*What you will do:* In the records below, the lines between the one holding "handmade-estonian-ceramics-kunstnik-painter" and the one holding "Комплект: Atermiter x79-Turbo", inclusive, are to be transcribed exactly; no pictures are to be included.
━━━━━ Extracted material ━━━━━
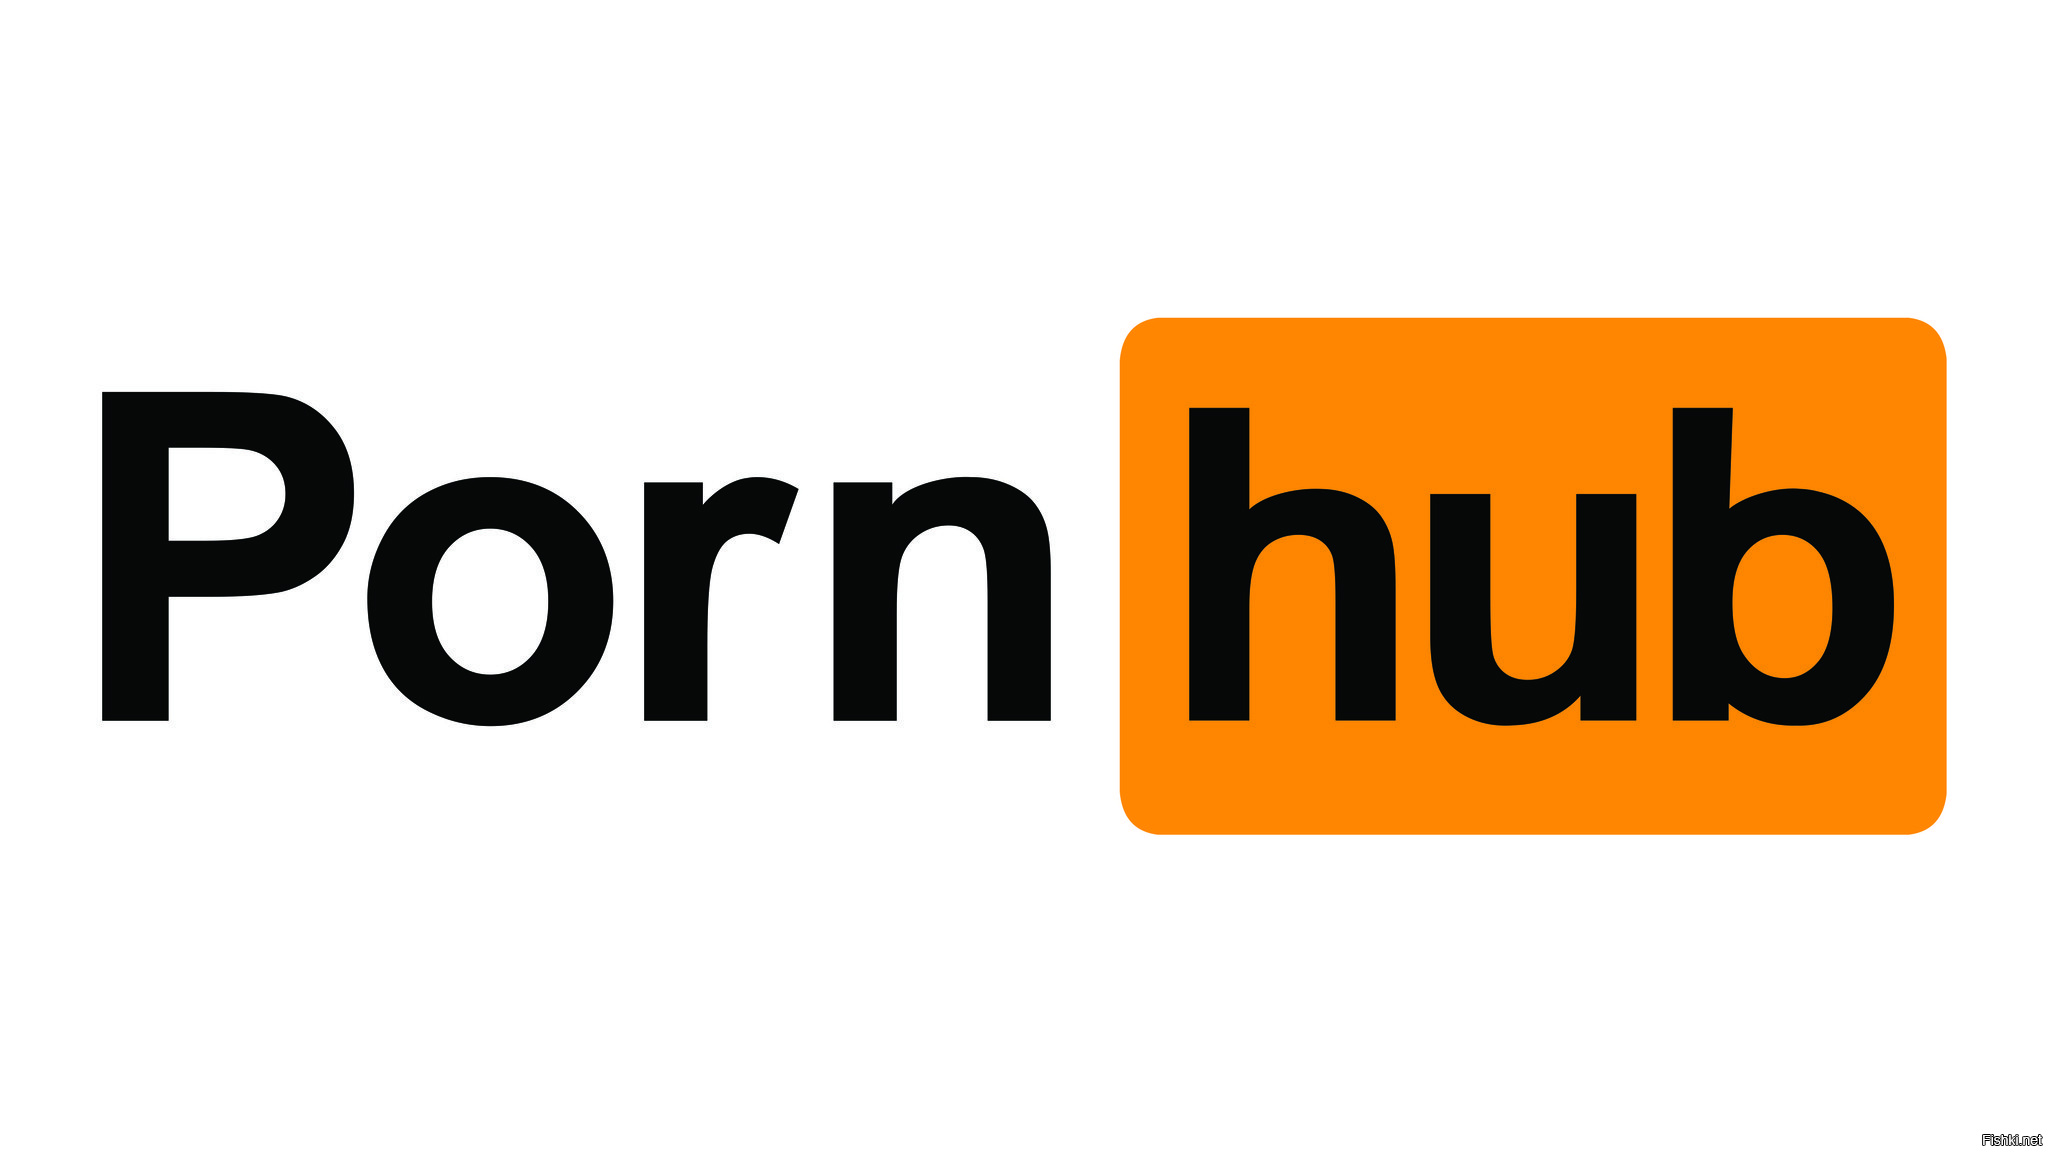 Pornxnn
━━━━━
━━━━━ Extracted material ━━━━━
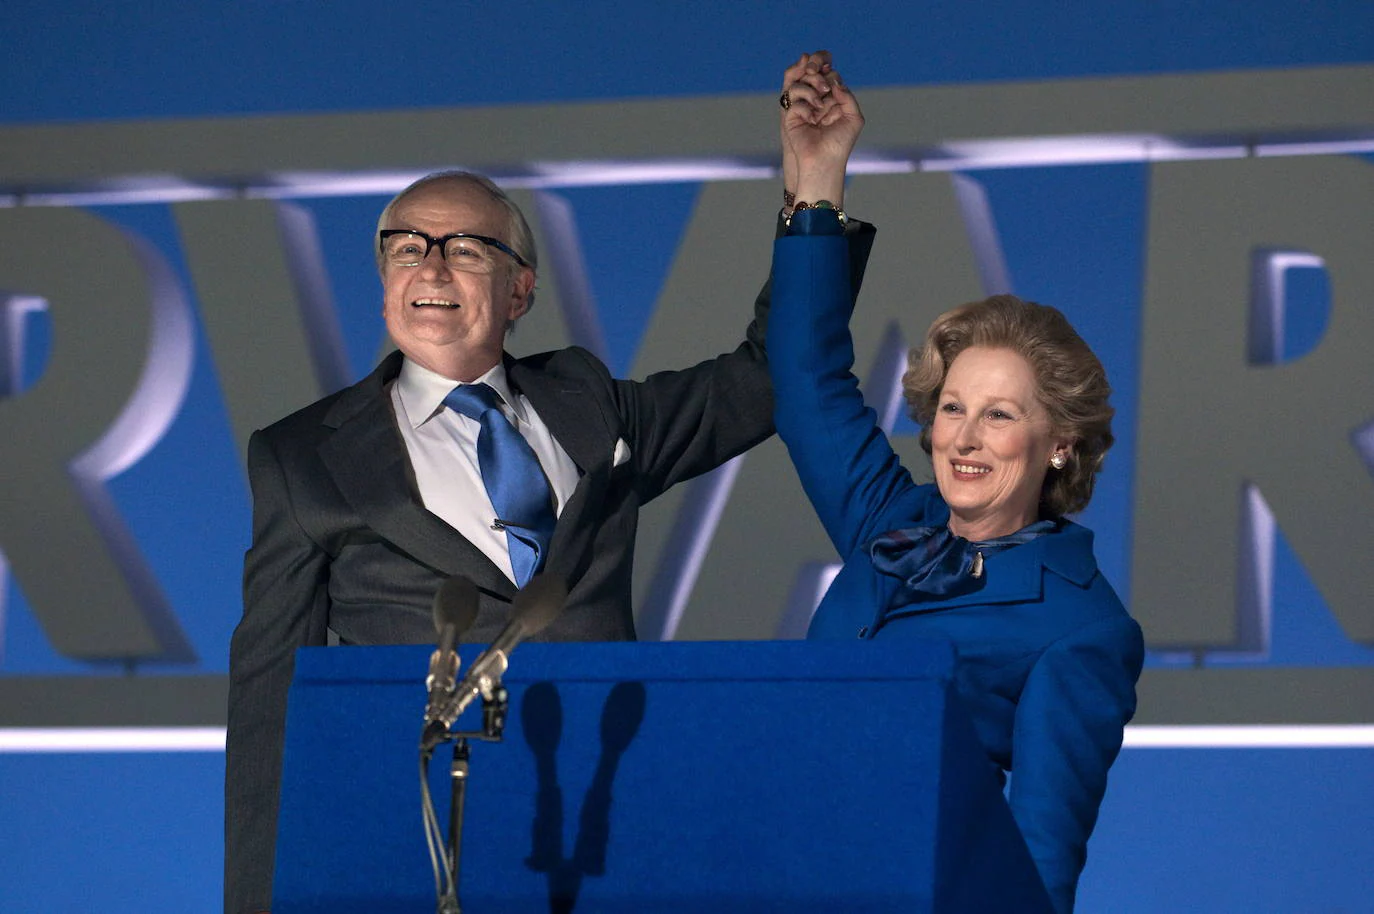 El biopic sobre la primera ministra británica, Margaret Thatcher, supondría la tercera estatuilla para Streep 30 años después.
━━━━━
━━━━━ Extracted material ━━━━━
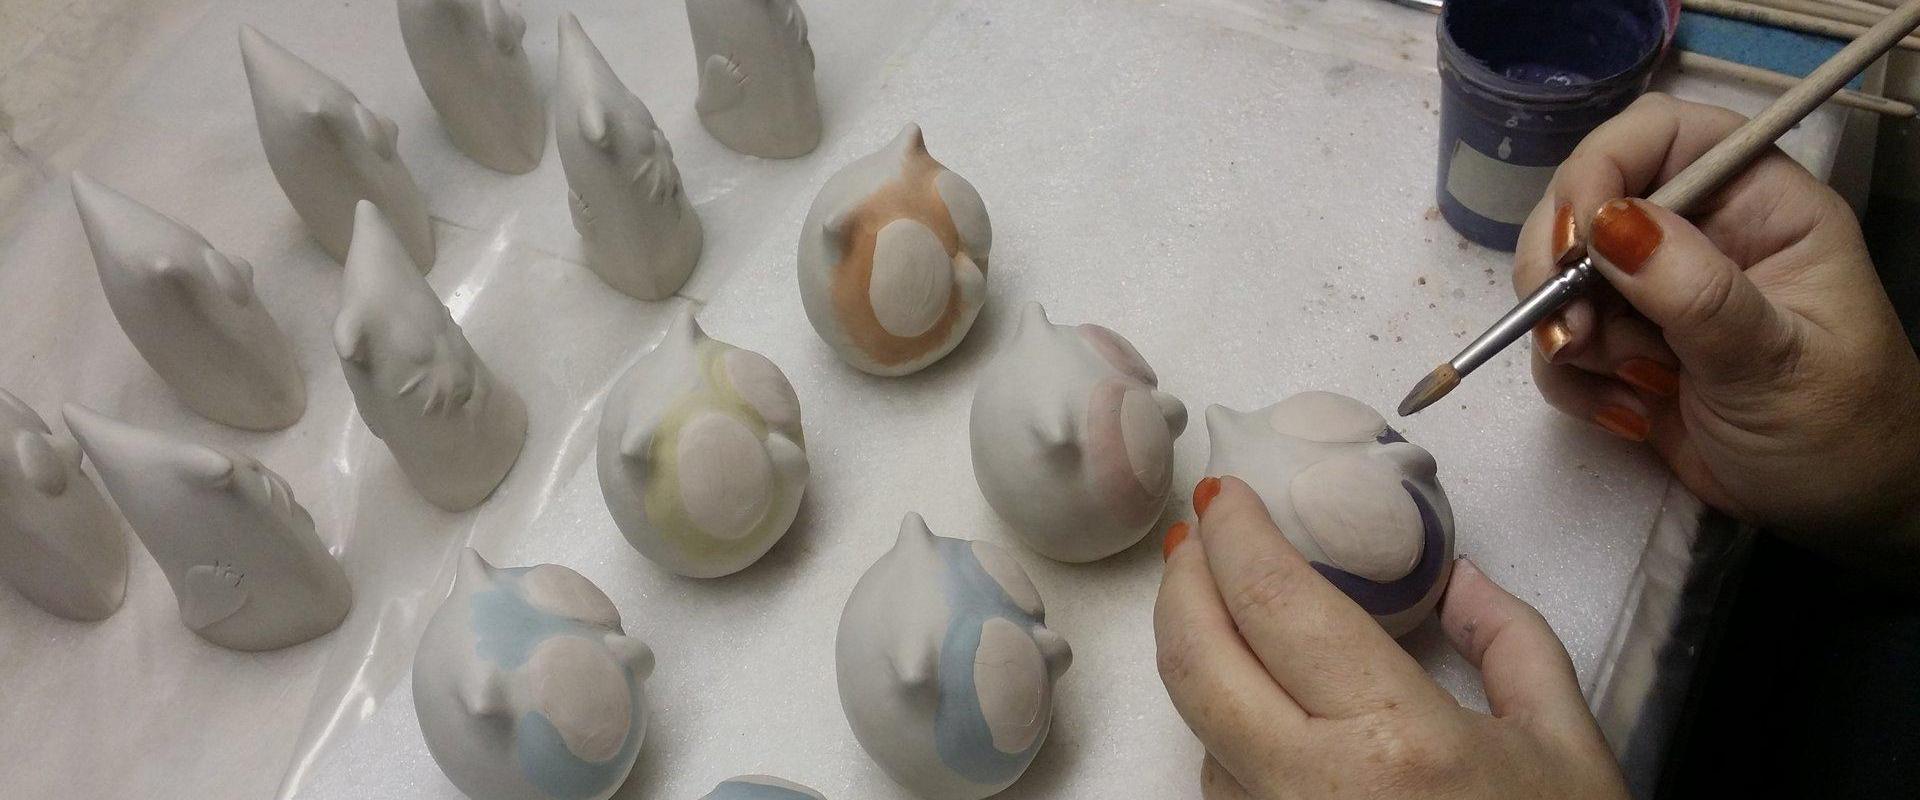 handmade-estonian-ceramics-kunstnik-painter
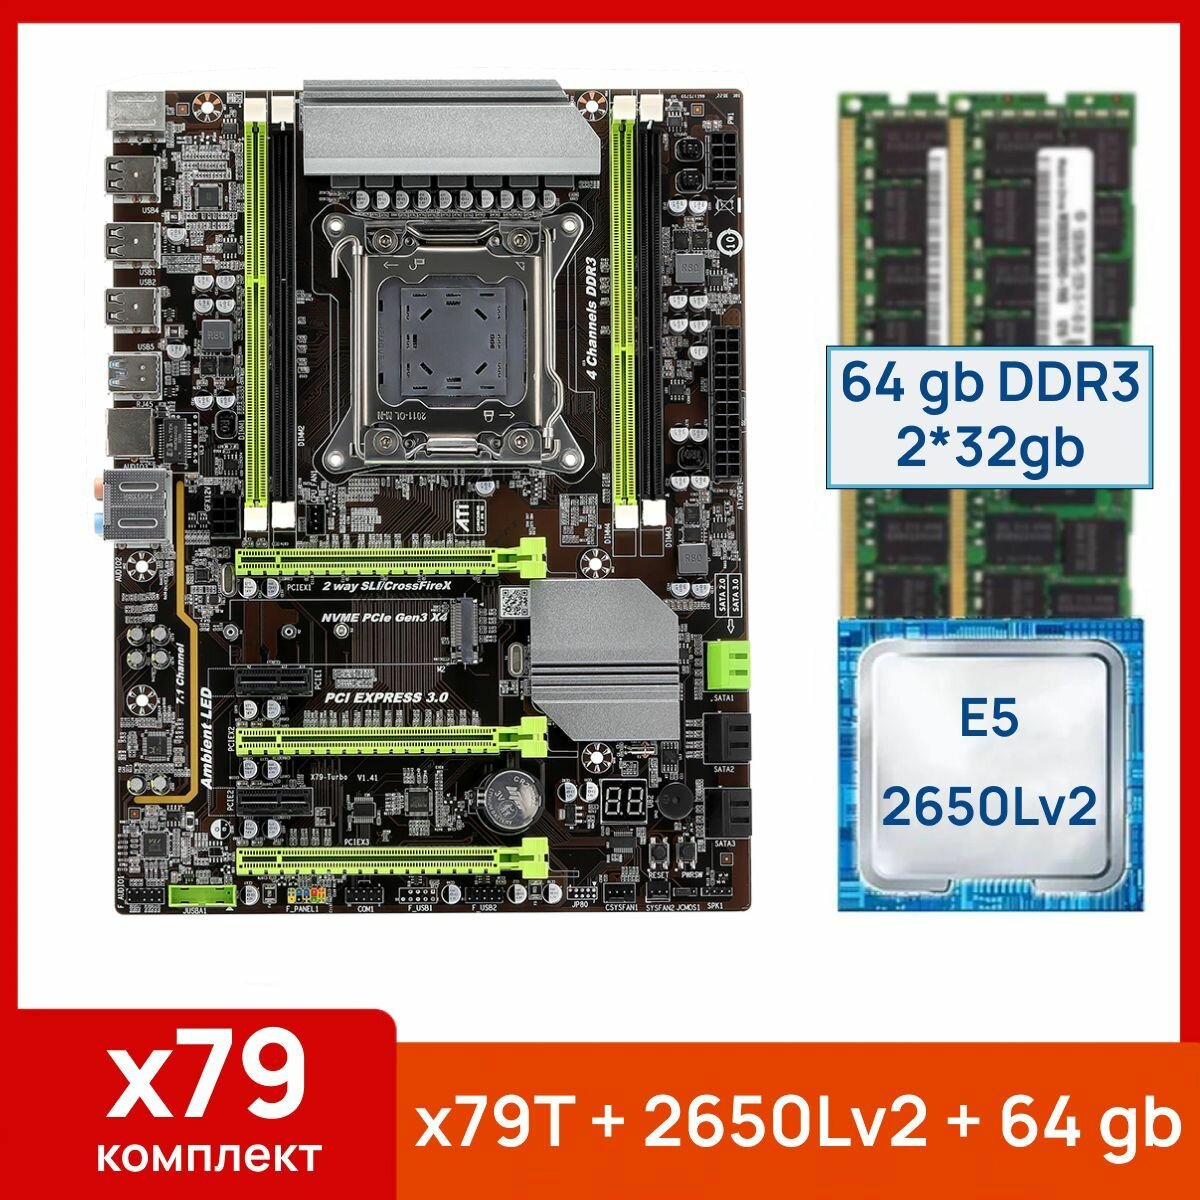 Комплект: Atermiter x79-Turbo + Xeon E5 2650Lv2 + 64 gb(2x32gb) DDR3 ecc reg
━━━━━
*Response below:*
 handmade-estonian-ceramics-kunstnik-painter
 Комплект: Atermiter x79-Turbo + Xeon E5 2650Lv2 + 64 gb(2x32gb) DDR3 ecc reg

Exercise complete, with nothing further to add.